------ STORED DATA
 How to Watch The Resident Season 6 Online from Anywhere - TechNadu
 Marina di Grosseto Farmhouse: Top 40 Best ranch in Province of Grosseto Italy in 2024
------------
------ STORED DATA
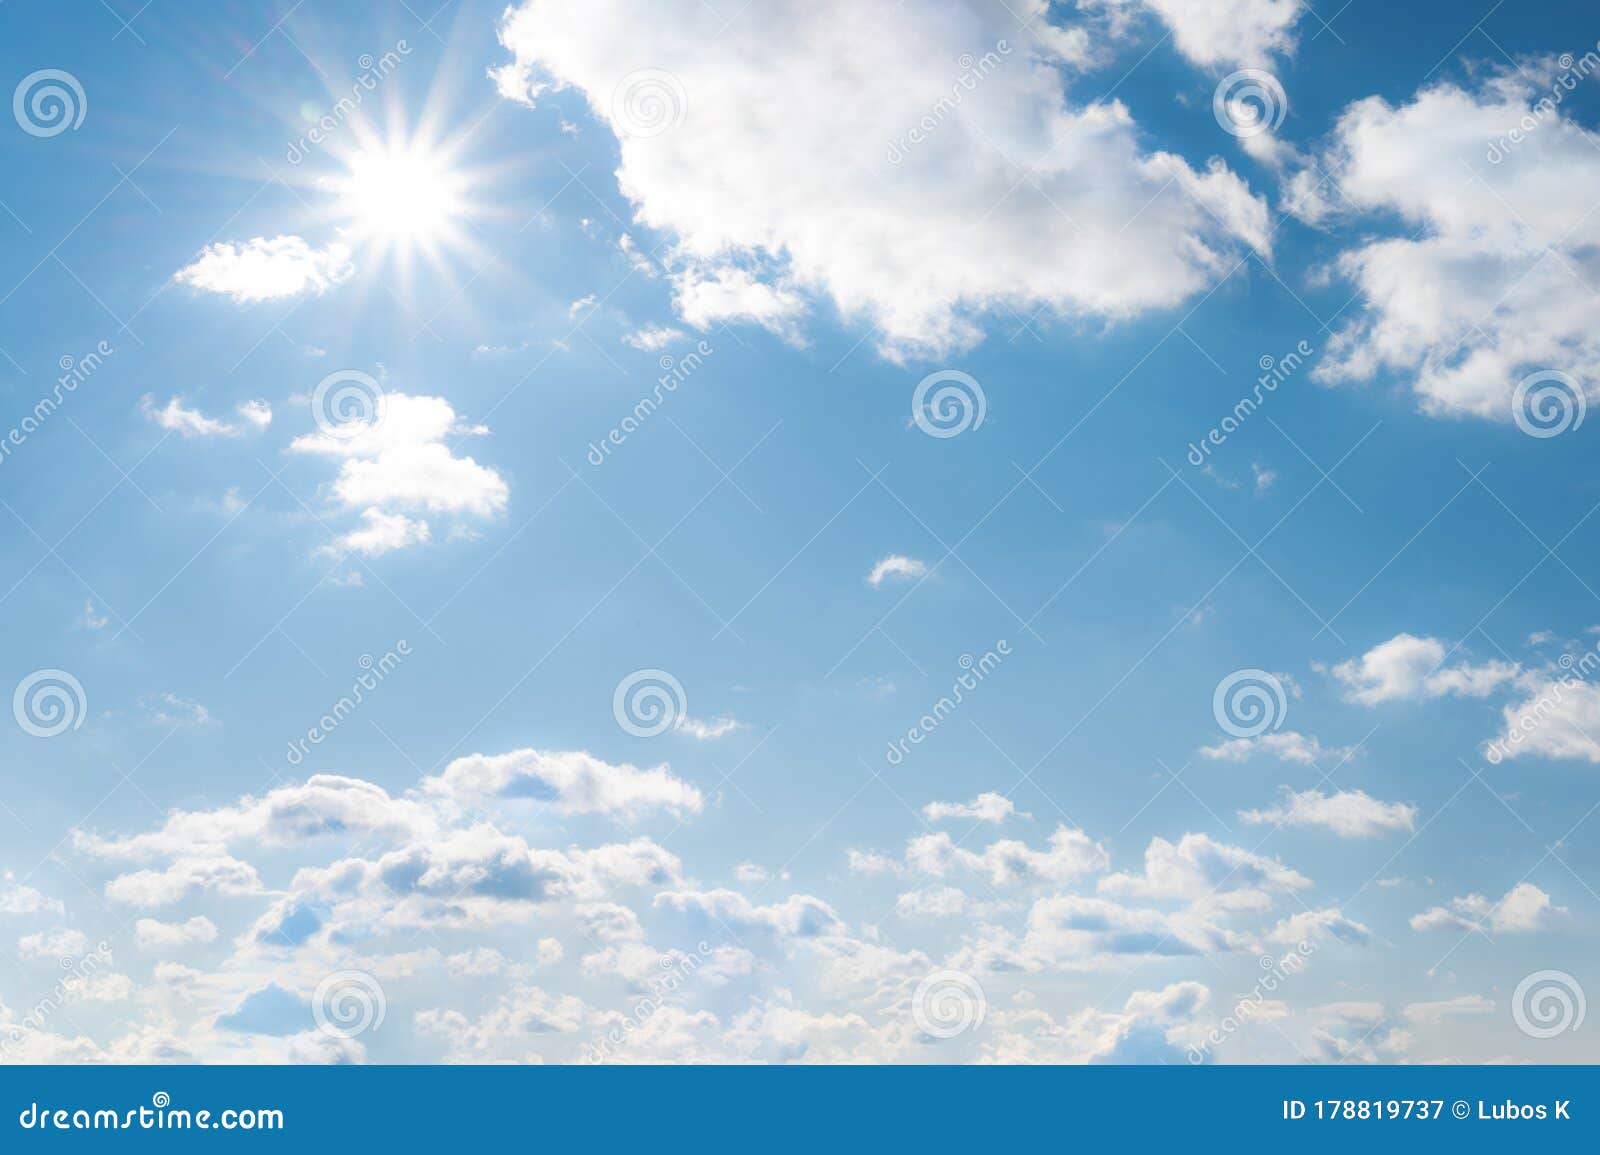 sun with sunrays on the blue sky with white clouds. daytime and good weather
------------
------ STORED DATA
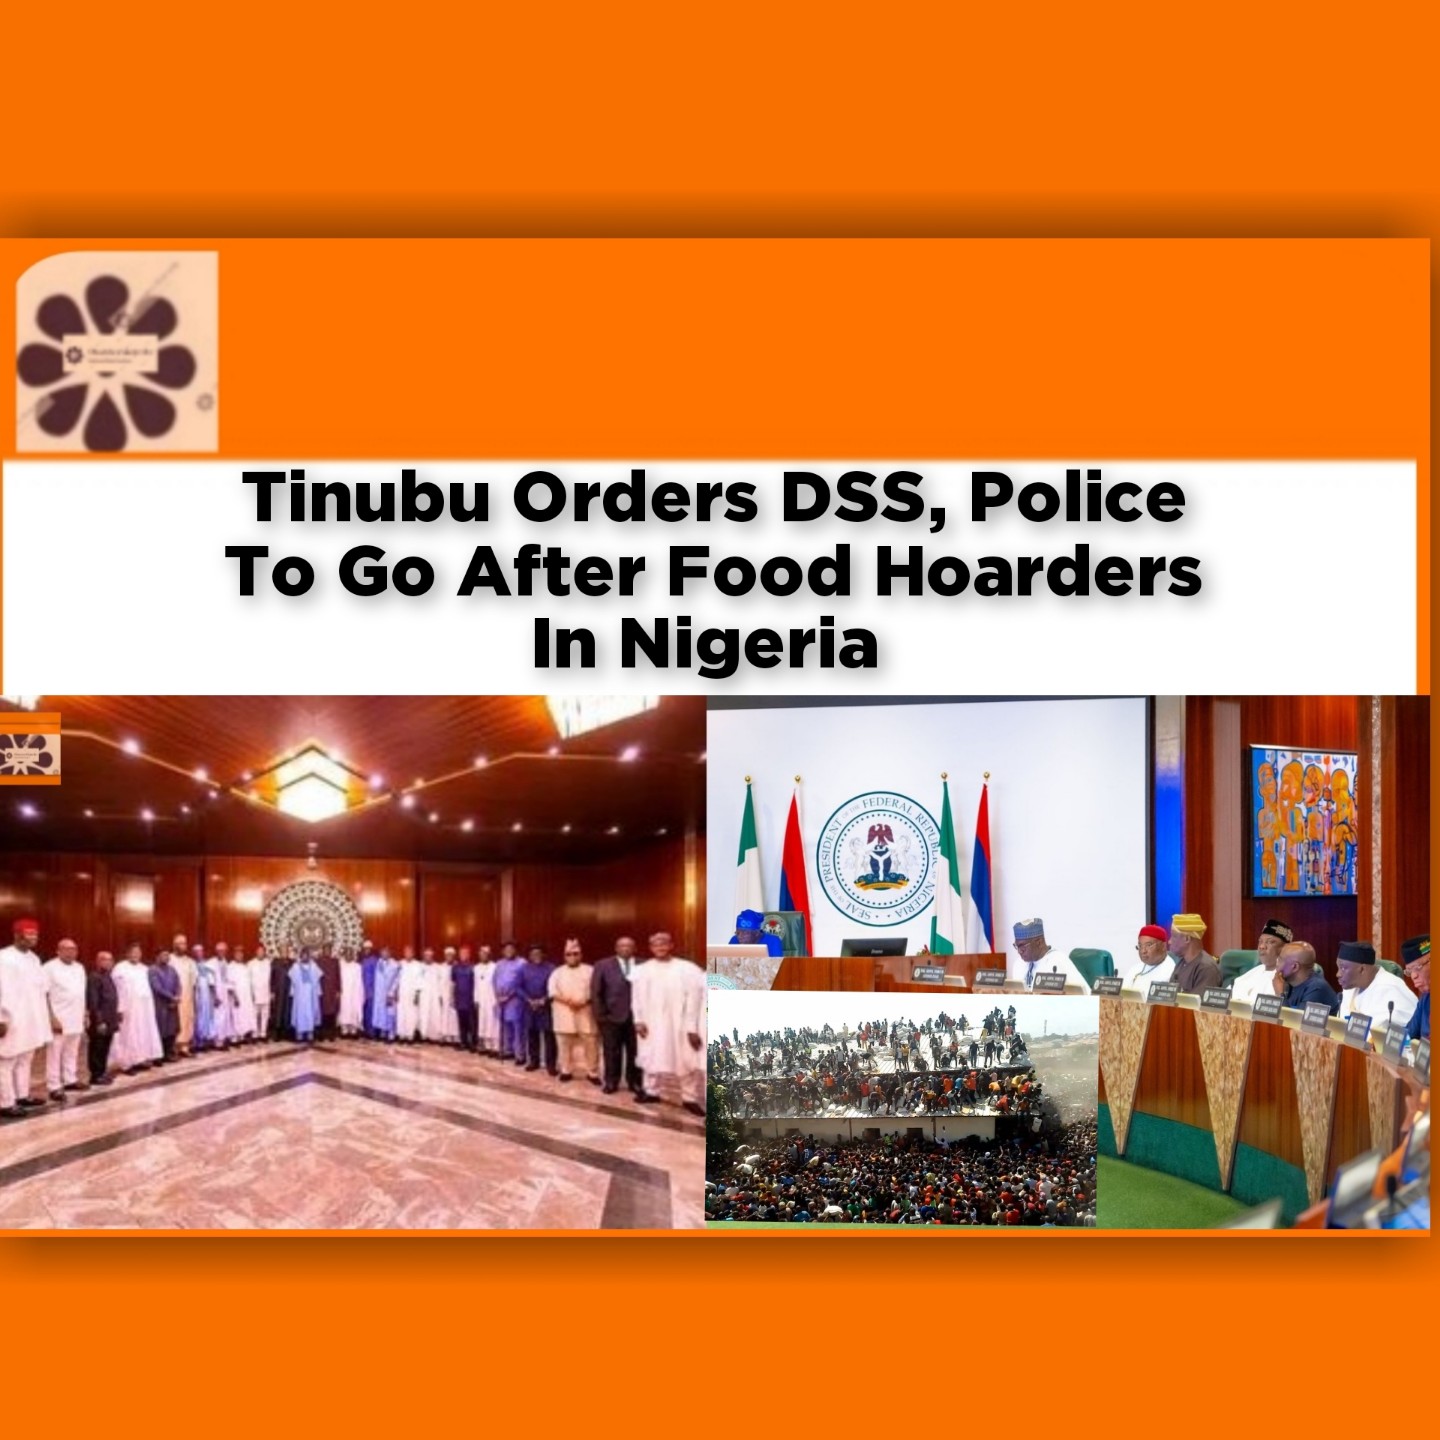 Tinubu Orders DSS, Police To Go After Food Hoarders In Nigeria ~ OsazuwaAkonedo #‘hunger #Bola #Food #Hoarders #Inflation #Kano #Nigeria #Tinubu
------------
### TASK REQUIREMENTS
Only the lines from the one containing "How to Watch" through the one containing "Marina di Grosseto" are to be retyped, both boundary lines included, with no other material.

### ANSWER TO THIS PROBLEM
 How to Watch The Resident Season 6 Online from Anywhere - TechNadu
 Marina di Grosseto Farmhouse: Top 40 Best ranch in Province of Grosseto Italy in 2024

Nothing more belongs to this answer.